On February 11th, 2012, on the eve of the Grammy Awards, Whitney Houston fell asleep in a bathtub at the Beverly Hilton hotel in Los Angeles and never woke up. Two months later, the Los Angeles County coroner ruled that she had drowned, but it’s been well established that the 48-year-old singer ingested a cocktail of cocaine and prescription drugs before taking her final breath. Most notably, the toxicology report revealed that a “plethora of prescription medication bottles” had been littered across her hotel room—12 in total, prescribed by five different doctors. Among the drugs discovered were the anti-anxiety medication Xanax and the muscle relaxant Flexeril.
In the past decade, Heath Ledger, Brittany Murphy, Anna Nicole Smith, Michael Jackson. Whitney Houston and Prince were just six of the most famous stars to overdose on legal but deadly medication. What a waste of talent.
 Their deaths reflect a larger wave of prescription drug abuse across the United States. What illicit drugs like crack cocaine and ecstasy were to the 1990s and the early 2000s, prescription medication is to a millennial generation. Recent studies show that, in 2010, as many as 2.4 million people age 12 or older began using prescription drugs for non-medical reasons. That’s 6,600 persons a day. Now by 2016, the numbers have increased exponentially.

We’re in a middle of an opioid epidemic. What’s interesting to know is that it’s not just an opioid epidemic; it’s a prescription opioid epidemic. And I blame the doctors who prescribe the deadly medicines because they are not taking greater care to make sure that these drugs are always necessary to those who are requesting them.

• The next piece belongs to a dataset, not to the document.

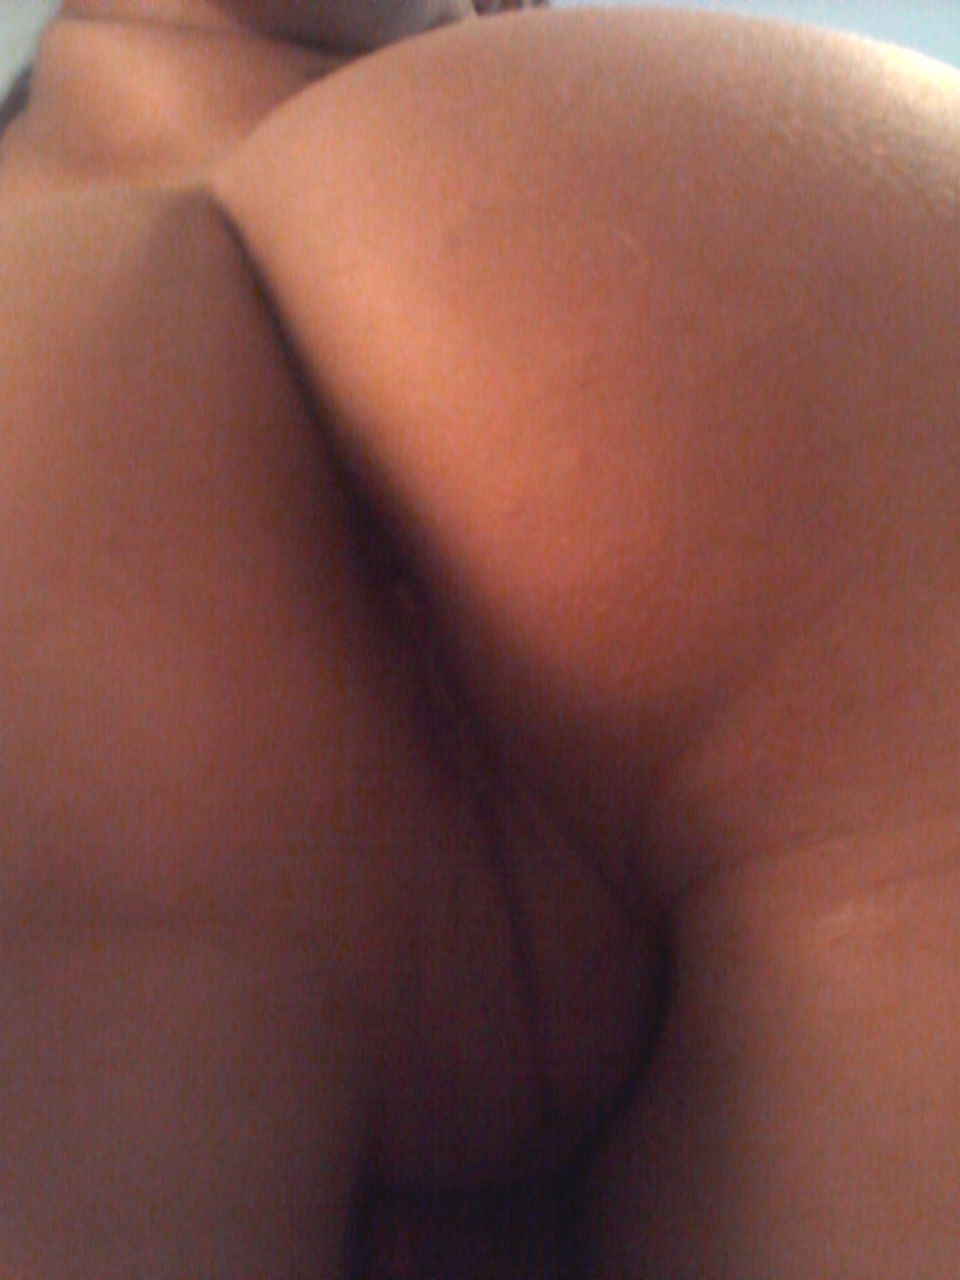 Pussy Photos Closeup Image 67845

The number of infants born addicted to prescription drugs every year has also tripled in the past 10 years up to 2012 to approximately 13,500, according to a report in the Journal of American Medical Association. In 2009, treatment of these drug-addicted babies cost Medicaid some $720 million. How many babies are addicted by 2016 and how many billions of dollars are being spent by Medicaid treating them?

There are no illegal cartels profiting from the prescription drug epidemic. Instead, the blame goes to a pharmacy system lacking centralized tracking (so that an addict may be able to recycle the same prescription to obtain hundreds of pills a month) and a pharmaceutical industry that spends millions lobbying against regulations that could squeeze their bottom line.

And then there are the doctors. It isn’t just the corrupt Dr. Feelgoods who are over-prescribing drugs to addicts. There are also well-intentioned physicians who don’t have a clue about the neurochemistry of addiction, who through their prescription pads are literally sending their patients to their deaths.


The authorities who govern these two professions have to come down hard on those negligent and corrupt professional carriers of death. Until that happens, thousands of people who have so much to live for are killing themselves with the help of professionals who either don’t know what they are doing or alternatively, couldn’t  care less.